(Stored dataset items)

__________

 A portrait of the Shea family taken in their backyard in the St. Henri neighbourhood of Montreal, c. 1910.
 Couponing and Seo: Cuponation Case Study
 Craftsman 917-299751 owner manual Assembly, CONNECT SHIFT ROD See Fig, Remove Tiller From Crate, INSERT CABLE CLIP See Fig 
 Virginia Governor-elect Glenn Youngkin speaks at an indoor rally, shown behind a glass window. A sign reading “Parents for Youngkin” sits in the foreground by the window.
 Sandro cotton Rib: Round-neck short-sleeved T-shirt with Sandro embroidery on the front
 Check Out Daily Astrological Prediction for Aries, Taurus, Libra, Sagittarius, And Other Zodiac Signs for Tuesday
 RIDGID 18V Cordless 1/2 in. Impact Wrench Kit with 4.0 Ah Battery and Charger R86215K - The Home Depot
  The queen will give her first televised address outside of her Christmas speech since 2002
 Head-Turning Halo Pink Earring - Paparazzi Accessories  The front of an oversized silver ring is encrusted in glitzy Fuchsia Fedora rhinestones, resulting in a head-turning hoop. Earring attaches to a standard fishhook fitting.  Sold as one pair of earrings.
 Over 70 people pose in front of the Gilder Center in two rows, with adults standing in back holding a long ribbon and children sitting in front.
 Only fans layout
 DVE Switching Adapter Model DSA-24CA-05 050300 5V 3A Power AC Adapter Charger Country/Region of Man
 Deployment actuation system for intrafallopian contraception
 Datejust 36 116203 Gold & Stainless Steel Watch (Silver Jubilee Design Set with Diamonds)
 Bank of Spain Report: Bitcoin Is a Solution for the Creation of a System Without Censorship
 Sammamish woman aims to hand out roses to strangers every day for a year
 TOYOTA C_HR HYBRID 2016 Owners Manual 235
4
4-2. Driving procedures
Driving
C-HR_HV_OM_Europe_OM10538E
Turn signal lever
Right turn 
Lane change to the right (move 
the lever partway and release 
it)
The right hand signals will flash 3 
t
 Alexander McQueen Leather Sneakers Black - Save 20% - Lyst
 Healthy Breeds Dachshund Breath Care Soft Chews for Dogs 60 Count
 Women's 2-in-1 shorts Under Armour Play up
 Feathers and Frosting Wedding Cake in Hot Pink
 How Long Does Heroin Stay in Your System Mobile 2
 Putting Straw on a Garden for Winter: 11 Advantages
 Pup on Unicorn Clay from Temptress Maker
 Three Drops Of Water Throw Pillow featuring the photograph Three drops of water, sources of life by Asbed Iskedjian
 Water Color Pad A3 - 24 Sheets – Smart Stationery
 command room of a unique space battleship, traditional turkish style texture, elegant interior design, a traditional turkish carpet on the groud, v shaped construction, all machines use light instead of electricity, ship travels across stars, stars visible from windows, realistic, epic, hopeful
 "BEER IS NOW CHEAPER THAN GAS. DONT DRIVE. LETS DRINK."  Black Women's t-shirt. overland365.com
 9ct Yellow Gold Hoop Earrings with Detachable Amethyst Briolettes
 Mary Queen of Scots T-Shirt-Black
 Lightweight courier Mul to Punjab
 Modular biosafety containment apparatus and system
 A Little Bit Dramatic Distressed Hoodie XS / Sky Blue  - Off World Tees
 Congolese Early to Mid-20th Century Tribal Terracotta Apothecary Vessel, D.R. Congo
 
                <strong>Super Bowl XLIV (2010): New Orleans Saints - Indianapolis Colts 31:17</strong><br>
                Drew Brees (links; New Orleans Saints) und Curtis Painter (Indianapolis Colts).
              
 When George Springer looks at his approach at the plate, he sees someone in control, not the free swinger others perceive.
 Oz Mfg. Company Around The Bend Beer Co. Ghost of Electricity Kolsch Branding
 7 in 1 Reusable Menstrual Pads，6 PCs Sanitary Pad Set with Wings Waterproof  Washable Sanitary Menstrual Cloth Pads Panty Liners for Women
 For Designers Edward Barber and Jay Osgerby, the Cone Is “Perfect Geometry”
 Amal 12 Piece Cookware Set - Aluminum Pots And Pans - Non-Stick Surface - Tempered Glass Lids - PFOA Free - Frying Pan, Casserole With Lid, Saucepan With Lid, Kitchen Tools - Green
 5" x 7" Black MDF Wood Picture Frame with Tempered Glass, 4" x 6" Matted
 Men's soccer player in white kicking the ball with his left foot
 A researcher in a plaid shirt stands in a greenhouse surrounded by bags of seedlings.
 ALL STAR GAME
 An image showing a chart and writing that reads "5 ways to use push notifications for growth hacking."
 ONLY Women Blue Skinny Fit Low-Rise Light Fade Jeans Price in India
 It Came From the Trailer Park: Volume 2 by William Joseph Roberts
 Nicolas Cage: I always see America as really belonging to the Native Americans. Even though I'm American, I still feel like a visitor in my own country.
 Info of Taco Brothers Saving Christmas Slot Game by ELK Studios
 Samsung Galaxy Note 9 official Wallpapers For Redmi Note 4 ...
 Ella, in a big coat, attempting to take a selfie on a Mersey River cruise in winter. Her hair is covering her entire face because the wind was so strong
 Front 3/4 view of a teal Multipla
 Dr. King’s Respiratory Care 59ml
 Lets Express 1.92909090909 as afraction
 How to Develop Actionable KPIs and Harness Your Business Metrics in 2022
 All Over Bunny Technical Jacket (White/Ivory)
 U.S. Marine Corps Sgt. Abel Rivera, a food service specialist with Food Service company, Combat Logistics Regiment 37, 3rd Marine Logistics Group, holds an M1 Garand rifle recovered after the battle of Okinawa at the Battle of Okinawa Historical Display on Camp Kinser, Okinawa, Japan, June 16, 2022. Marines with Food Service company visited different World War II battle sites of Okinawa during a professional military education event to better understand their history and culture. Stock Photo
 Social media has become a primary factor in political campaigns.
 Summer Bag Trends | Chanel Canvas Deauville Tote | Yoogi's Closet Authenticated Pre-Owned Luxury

__________

* **TRY IT**
In the answer, give the lines from the first line of the data through the line with "The queen will", exactly as they appear and with no additions.

* **RESPONSE**
 A portrait of the Shea family taken in their backyard in the St. Henri neighbourhood of Montreal, c. 1910.
 Couponing and Seo: Cuponation Case Study
 Craftsman 917-299751 owner manual Assembly, CONNECT SHIFT ROD See Fig, Remove Tiller From Crate, INSERT CABLE CLIP See Fig 
 Virginia Governor-elect Glenn Youngkin speaks at an indoor rally, shown behind a glass window. A sign reading “Parents for Youngkin” sits in the foreground by the window.
 Sandro cotton Rib: Round-neck short-sleeved T-shirt with Sandro embroidery on the front
 Check Out Daily Astrological Prediction for Aries, Taurus, Libra, Sagittarius, And Other Zodiac Signs for Tuesday
 RIDGID 18V Cordless 1/2 in. Impact Wrench Kit with 4.0 Ah Battery and Charger R86215K - The Home Depot
  The queen will give her first televised address outside of her Christmas speech since 2002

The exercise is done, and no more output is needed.